Hüft-Härtetest in New York, Hüft-Phänomen in Tirol – und Happy New Year 2014!

Bis kurz vor seinem runden Geburtstag war mein lieber Mann noch niemals in New York – seit Anfang Dezember kann er das nicht mehr sagen! Wir haben nämlich Manhattan von Uptown bis Downtown eine gute Woche lang durchstreift, vorwiegend zu Fuß. Ich habe mich zurückversetzt gefühlt in die Zeit, als ich mit 24 Jahren den Big Apple schon einmal erlaufen habe. Damals noch weit entfernt von Hüftschmerzen – und nun runderneuert ebenso fit und unermüdlich. Der Härtest waren täglich die Stufen zu unserem über www.airbnb.com gemieteten Appartement in der Upper East Side: Eine deutsche Norm für die Höhe der Stufen scheint es nicht zu geben. Gefühlt waren sie um ein Drittel höher als unsere. Jedenfalls kamen wir ganz schön ins Schnaufen und haben das schließlich als ganz besonderes Fitness-Training betrachtet!

Die Schnecke im Central Park mahnt als temporäres Kunstwerk, auch mal langsam zu gehen...

Die Schnecke im Central Park mahnt als temporäres Kunstwerk, auch mal langsam zu gehen…

 

Insgesamt sechs Museen haben wir besucht und immer wieder den riesigen Central Park durchstreift. Auch das haben Hüften und Rücken prima mitgemacht. Und zugenommen haben wir dank dieses besonderen City-Walkings auch nicht – trotz üppigem Pastrami-Sandwich bei Katz` Deli, wo 1989 Meg Ryan ihrem Partner Billy Crystal die legendäre Orgasmus-Szene in „Harry und Sally“ vorgespielt hat, trotz herrlicher Cupcakes und New York Cheesecakes.

Kaum zurück haben wir die Wintersaison auf Skiern eingeläutet. Von München aus ist man ja in einer guten Stunde in den Bergen und kann bei gutem Wetter als Freiberufler mal rasch einen Skitag einschieben. Meine ersten drei Stunden auf Skiern habe ich verbunden mit dem letzten Interview für unser neues Buch „Mut zum neuen Knie!“, das Ende Januar erscheinen soll und übrigens jetzt schon vorbestellt werden kann, auch über Amazon! Der knapp 85-jährige Chef der Steinplatte Bergbahnen in Waidring, Tirol, kam zum Interview mit Krücken, denn genau eine Woche vorher (!) hat er seine zweite Hüft-TEP im Bezirkskrankenhaus St. Johann bekommen. Sein Operateur Dr. Robert Siorpaes war allerdings nicht so begeistert, dass er am 5. Tag nach der OP unbedingt schon nach Hause wollte, am 6. Tag in einer Pistenraupe saß und allein auf die 1.666 Meter hohe Steinplatte gefahren ist, um „nach dem Rechten“ zu schauen. 

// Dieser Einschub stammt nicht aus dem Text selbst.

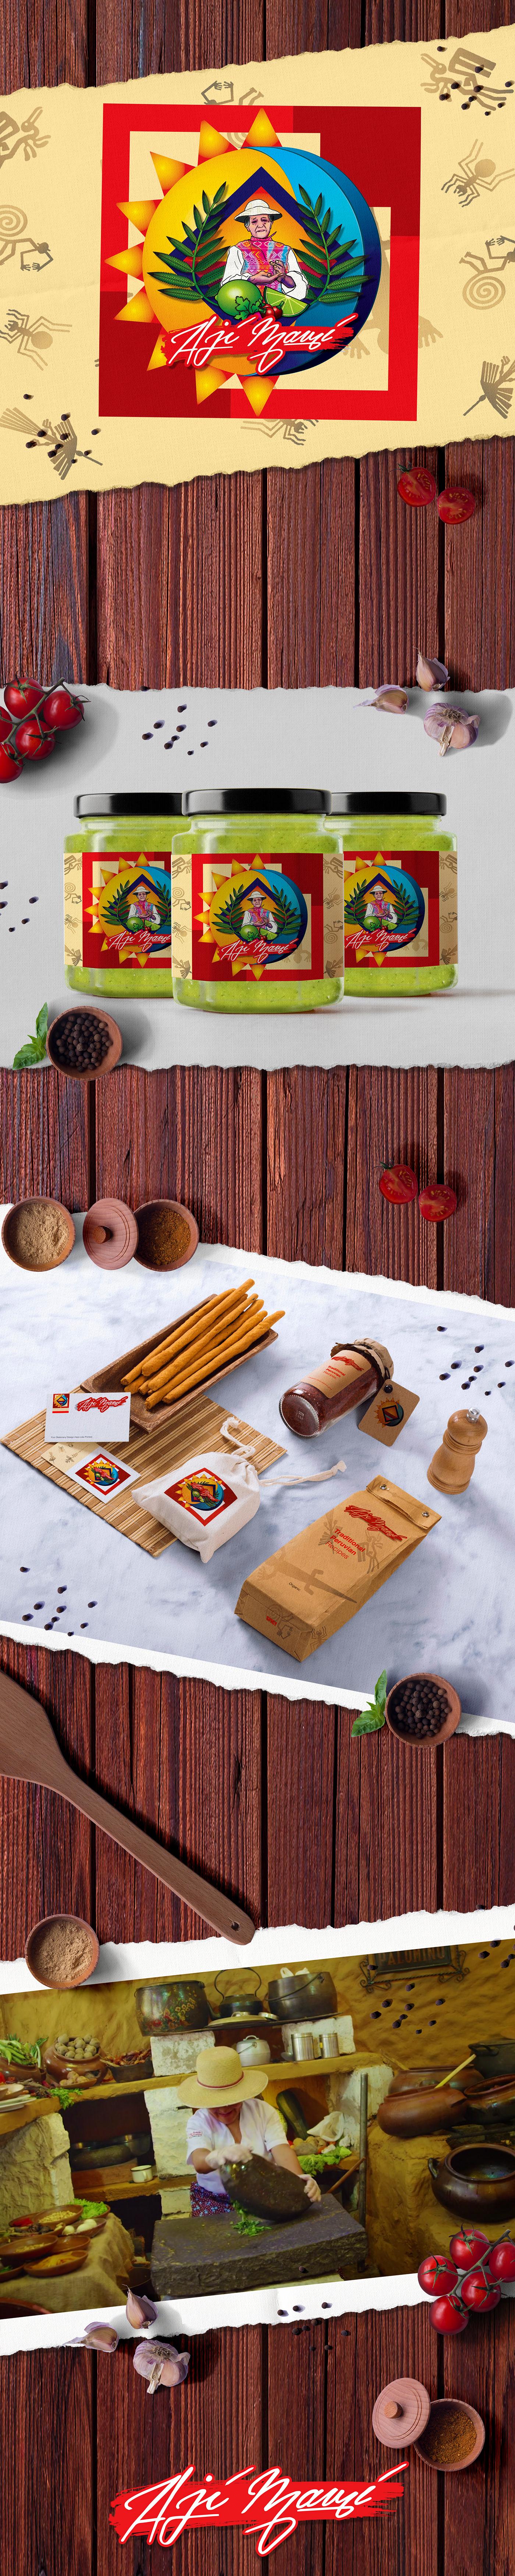 branding  hot sauce Packaging product design

Andrä Brandtner, fast 85-jähriger Chef der Bergbahnen Steinplatte in Waidring, Tirol, eine Woche nach seiner zweiten Hüft-OP schon wieder flott auf Krücken unterwegs.

Andrä Brandtner, fast 85-jähriger Chef der Bergbahnen Steinplatte in Waidring, Tirol, eine Woche nach seiner zweiten Hüft-OP schon wieder flott auf Krücken unterwegs.

Auch saß er natürlich selbst am Steuer seines Autos, als er zum Interview kam, und wollte sich partout nicht helfen lassen. „Im Krankenhaus ist`s mir ja viel zu langweilig.“, erzählte der ruhelose Seniorchef. „Schade, dass ich noch nicht wieder schwimmen kann, weil ja erst die Klammern rausmüssen.“ Denn täglich knapp eine Stunde Schwimmen, u. a. mit Flossen, ist sein besonderes Fitness-Training – gut für die Knie, die Hüften und überhaupt. Zudem fährt er regelmäßig auf dem Ergometer und will natürlich auch mit der zweiten Hüft-TEP so schnell wie möglich wieder zum Skifahren gehen. „Januar wird`s wohl schon werden, bis das wieder geht.“, meinte er. Schaun mer mal… Sechs Wochen nach der ersten Hüft-TEP hat er jedenfalls wieder Golf gespielt. Und damals war er auch schon 80 Jahre alt!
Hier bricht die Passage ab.